Diego Nájera

Personal information
- Full name: Diego Alejandro Nájera Quintero
- Date of birth: December 11, 1994 (age 31)
- Place of birth: Guadalajara, Mexico
- Height: 1.78 m (5 ft 10 in)
- Position: Striker

Senior career*
- Years: Team / Apps / (Gls)
- 0000–2013: Tecos FC
- 2015–2016: Penya Encarnada d'Andorra / 22 / (5)
- 2016–2017: FC Encamp / 28 / (9)
- 2017–2018: UE Sant Julià / 31 / (3)
- 2018–2021: FC Santa Coloma / 86 / (10)
- 2021–2023: UE Engordany / 50 / (0)
- 2023–2025: CF Esperança d'Andorra / 25 / (4)
- 2025: Penya Encarnada d'Andorra / 13 / (1)
- 2026–: CF Esperança d'Andorra / 18 / (2)

= Diego Nájera =

Mexican footballer (born 1994)

Diego Alejandro Nájera Quintero (born 11 December 1994) is a Mexican footballer who plays as a striker for CF Esperança d'Andorra.

==Early life==

He joined the youth academy of Mexican side Tecos FC at the age of eight. He is a native of Guadalajara, Mexico.

==Club career==

He started his career with Mexican side Tecos. He debuted for the club at the age of seventeen. In 2015, he signed for Andorran side Penya Encarnada d'Andorra.
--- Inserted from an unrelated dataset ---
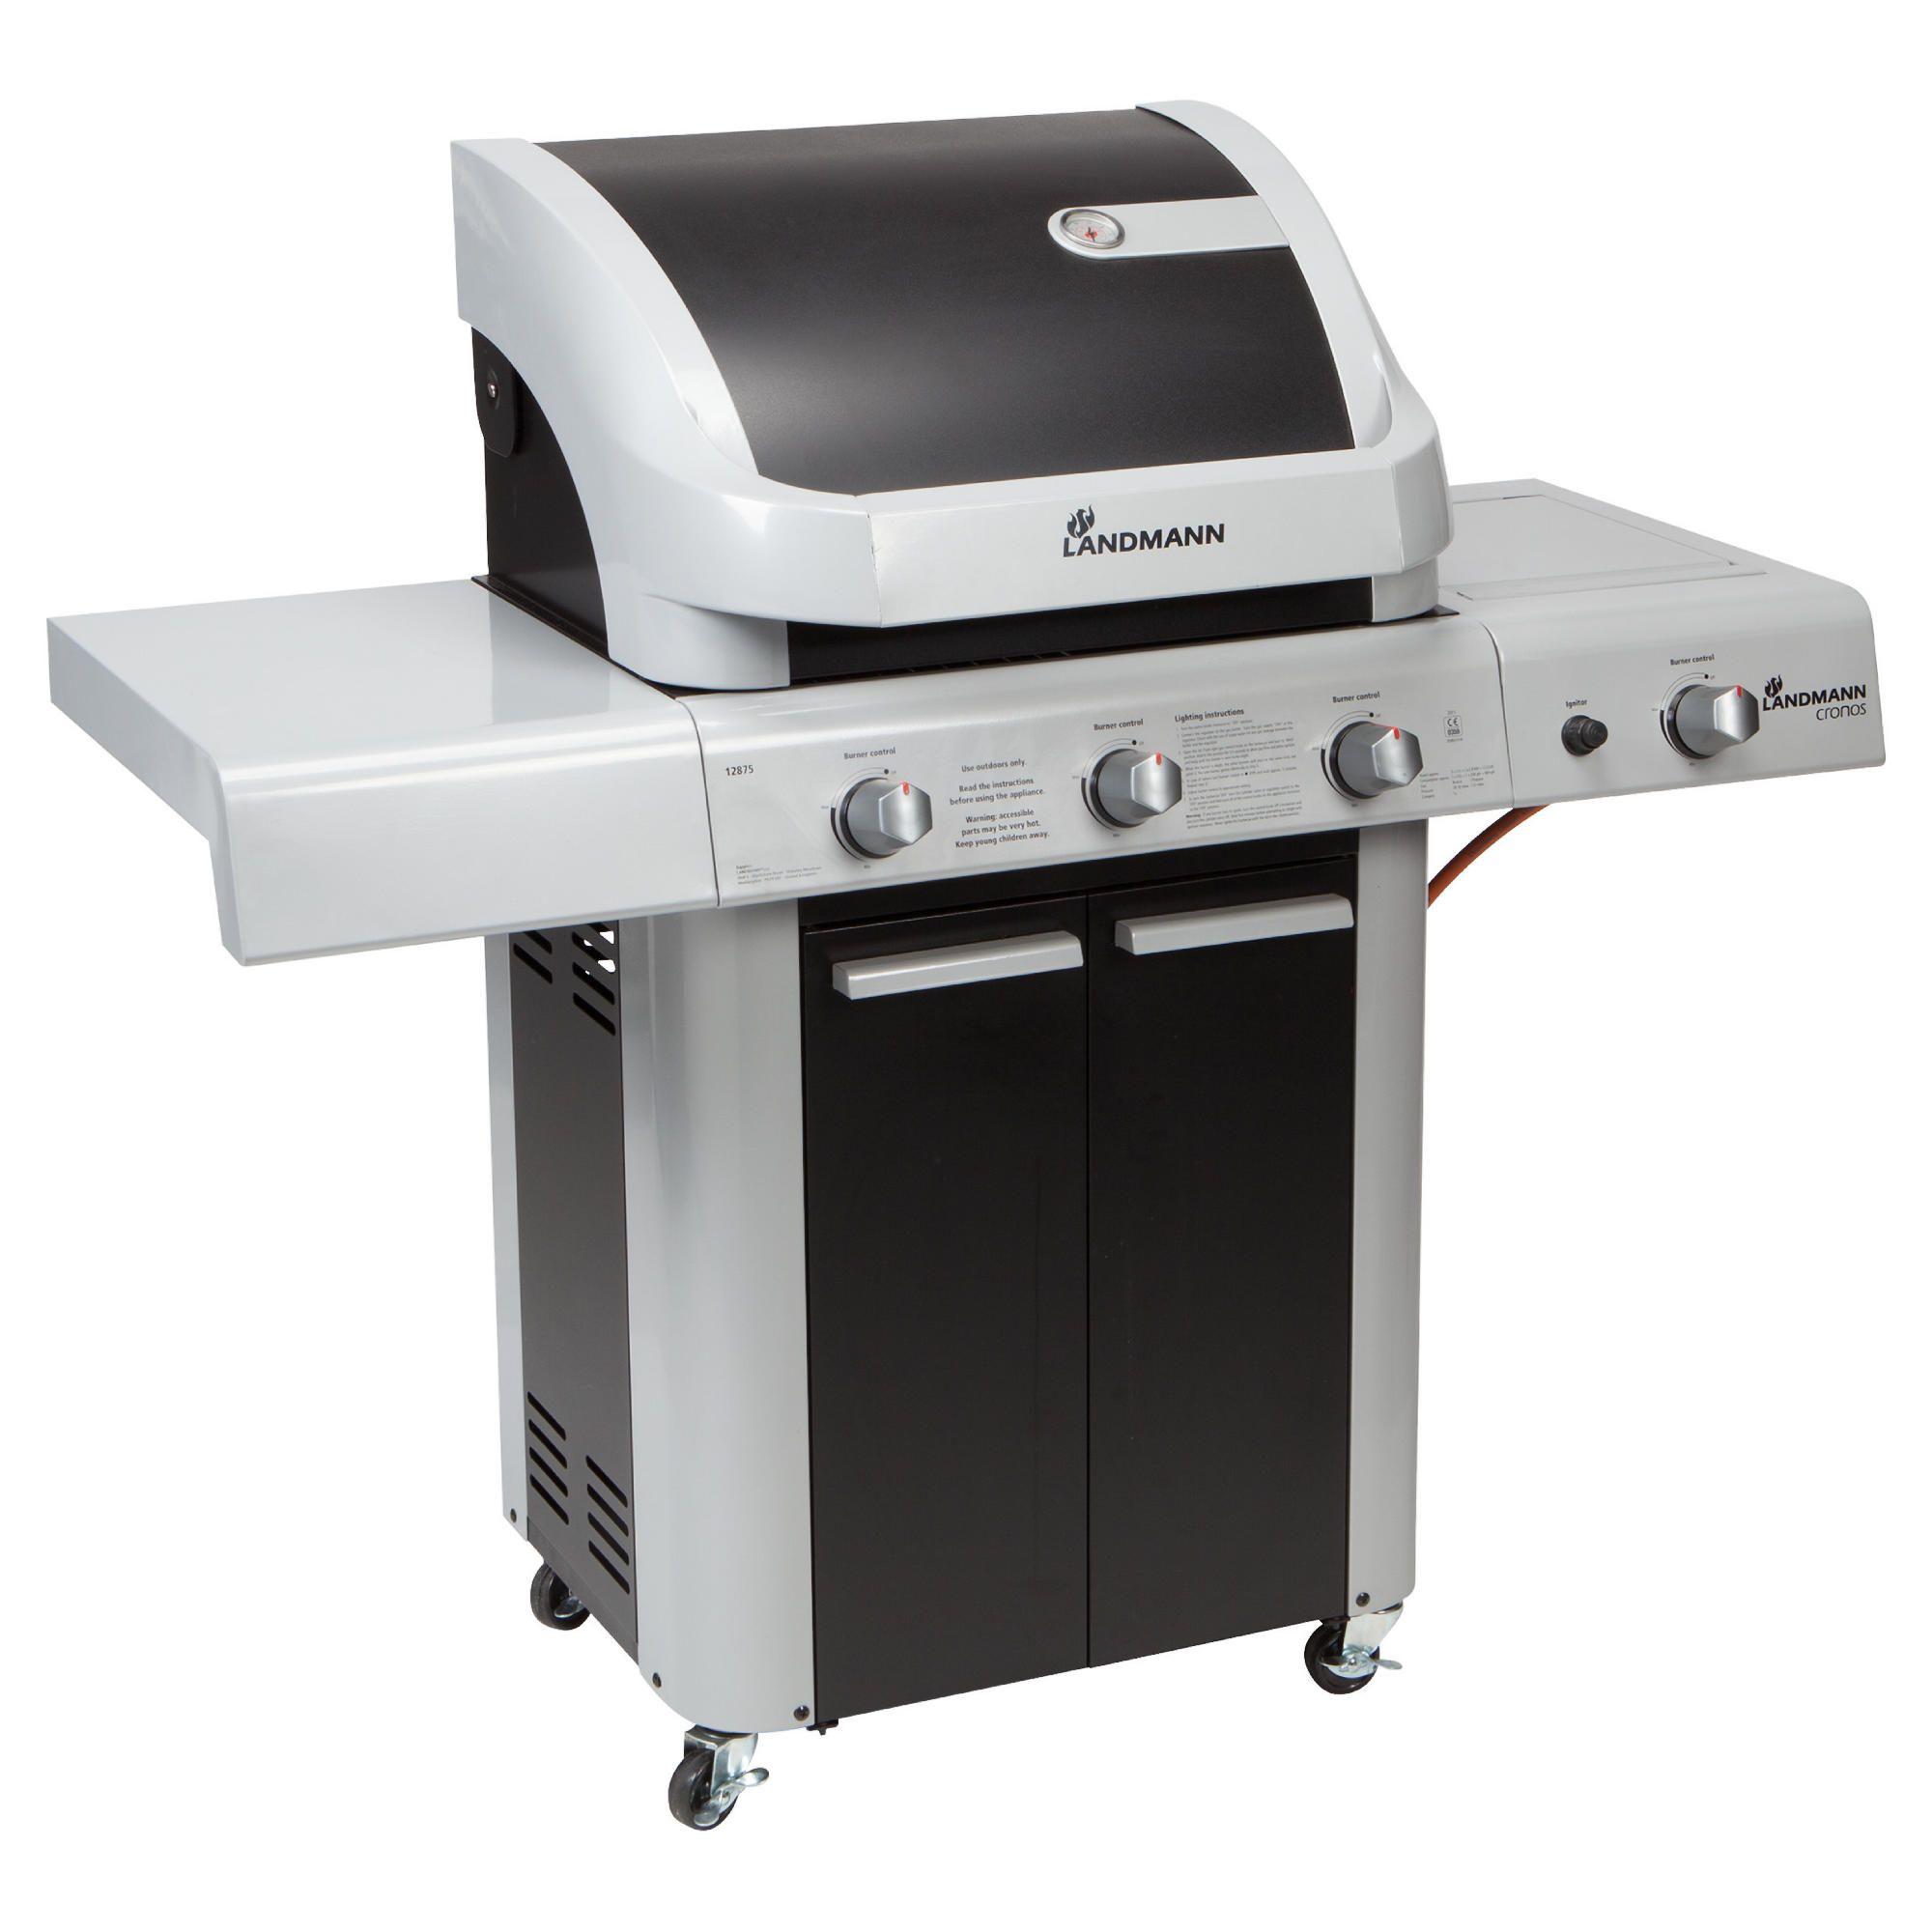 Landmann Cronos Black 3 burner + side burner and cabinet BBQ at Tesco Direct

In 2016, he signed for Andorran side Encamp. In 2017, he signed for Andorran side UE Sant Julià. In 2018, he signed for Andorran side Santa Coloma. He played for the club in the UEFA Champion's League and UEFA Europa League. In 2021, he signed for Andorran side Engordany. In 2023, he signed for Andorran side CF Esperança d'Andorra.

==International career==

He was considered to be naturalized to play for the Andorra national football team. He is also eligible to represent Mexico internationally, having been born in the country.